June 5, 2008
Ordination: the Enriching Sacrament
By Francis X. Shannon
I can't imagine a practicing Catholic not having been to a wedding, or a baptism, and of course there are the sacraments of Holy Communion, Reconciliation, Confirmation, and Annointing of the Sick. The one sacrament which most Catholics haven't had the privilege to witness, however, is the Ordination of a priest.
Ordination is certainly a turning point in the life of a man, an ultimate subordination of his total self to the service of God, His Son Jesus Christ, and the Roman Catholic Church and her teachings. Under other callings - marriage especially - such should ideally be the case since all proper callings should offer the opportunity to reflect Christ's love for His Church and to be lifted up in one's own holiness. Holy Orders, however, are more overt in this regard, particularly by virtue of that individual person giving himself and himself alone over to God, unifying himself to Christ by assuming the functions, obligations, and authority of the apostolic ministry, most especially the profession of the Gospel and the celebration of the Eucharistic sacrifice.

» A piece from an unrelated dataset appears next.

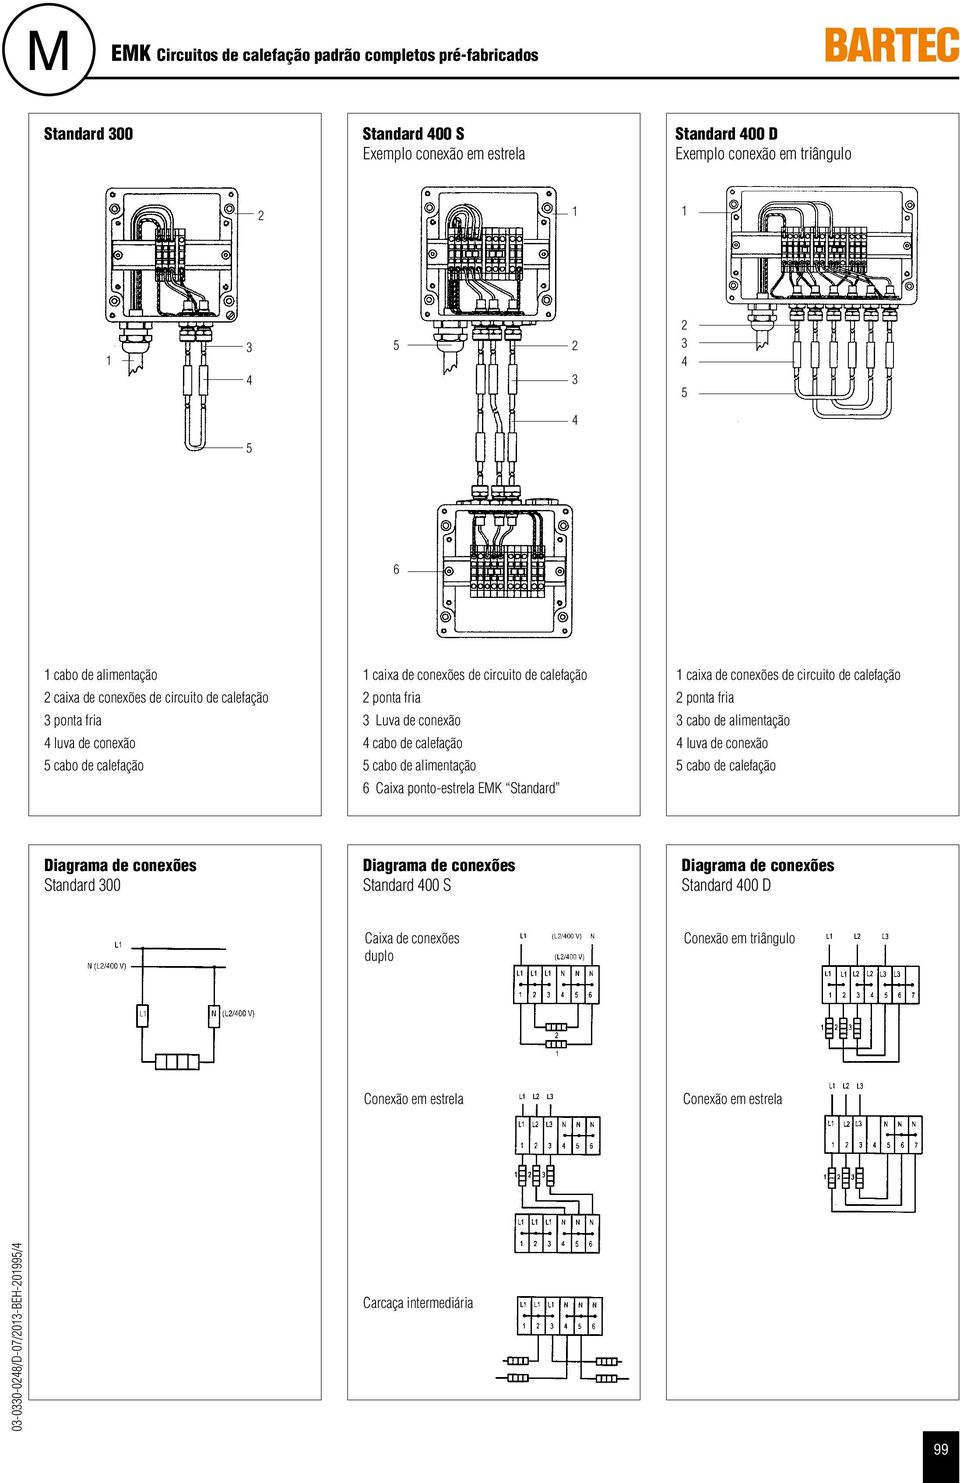 de conexão cabo de calefação cabo de alimentação 6 Caixa ponto-estrela EMK Standard caixa de conexões de circuito de calefação ponta fria cabo de alimentação luva

In the course of ordination, not only the new priest is enriched by this beautiful and ancient rite that fairly spills over with twenty centuries of tradition. He's enriched, obviously, by the anointing with holy chrism; by the imposition of hands by his bishop, as a successor to the apostles, with the weight of almost 2,000 years of priestly hands that have been imposed on generation after generation of priests all the way back to the apostles themselves. It is the entire experience of ordination that consecrates him to God. This is the ordinand enriched.
The Church herself is enriched, by the addition of another worthy priest to take up the Cross of Christ and tend His sheep. The more immediate Church is enriched, the flock which a new priest will more directly serve.
Also enriched are those attending an ordination. I recently attended the ordination of a fellow parishioner, Father Tim Cummings, who's also the son of one of my brother Knights of Columbus from our Mother Seton Council #6724. He was ordained alongside Father Philip Dac Clements, MSHS, who'll be assigned to my parish, Nativity, in Brandon, FL in the Diocese of St. Petersburg.
This was the fourth ordination I've been to, one of them being an ordination to the transitional diaconate of Father Craig Morley, whose ordination to the priesthood I attended a year later. Father Morley was another fellow parishioner whose family has long been an active part of my parish as well. We've got several seminarians currently going about their studies, including a 2007 graduate of the public high school at which I teach.
I never fail to be uplifted by attending an ordination. All of the tradition and solemnity and magnificent reverence of the long history of Roman Catholicism is brought to bear during such a beautiful rite. The looks of pride glowing from the faces of the family of a new priest, especially the parents with hearts filled with the knowledge of having imparted so fully the Catholic faith to their family as to have raised a priest. No experience will make you walk out of the cathedral with a heart as full of pride in your Roman Catholicism as an ordination.
Francis X. Shannon is a Tampa Tribune columnist.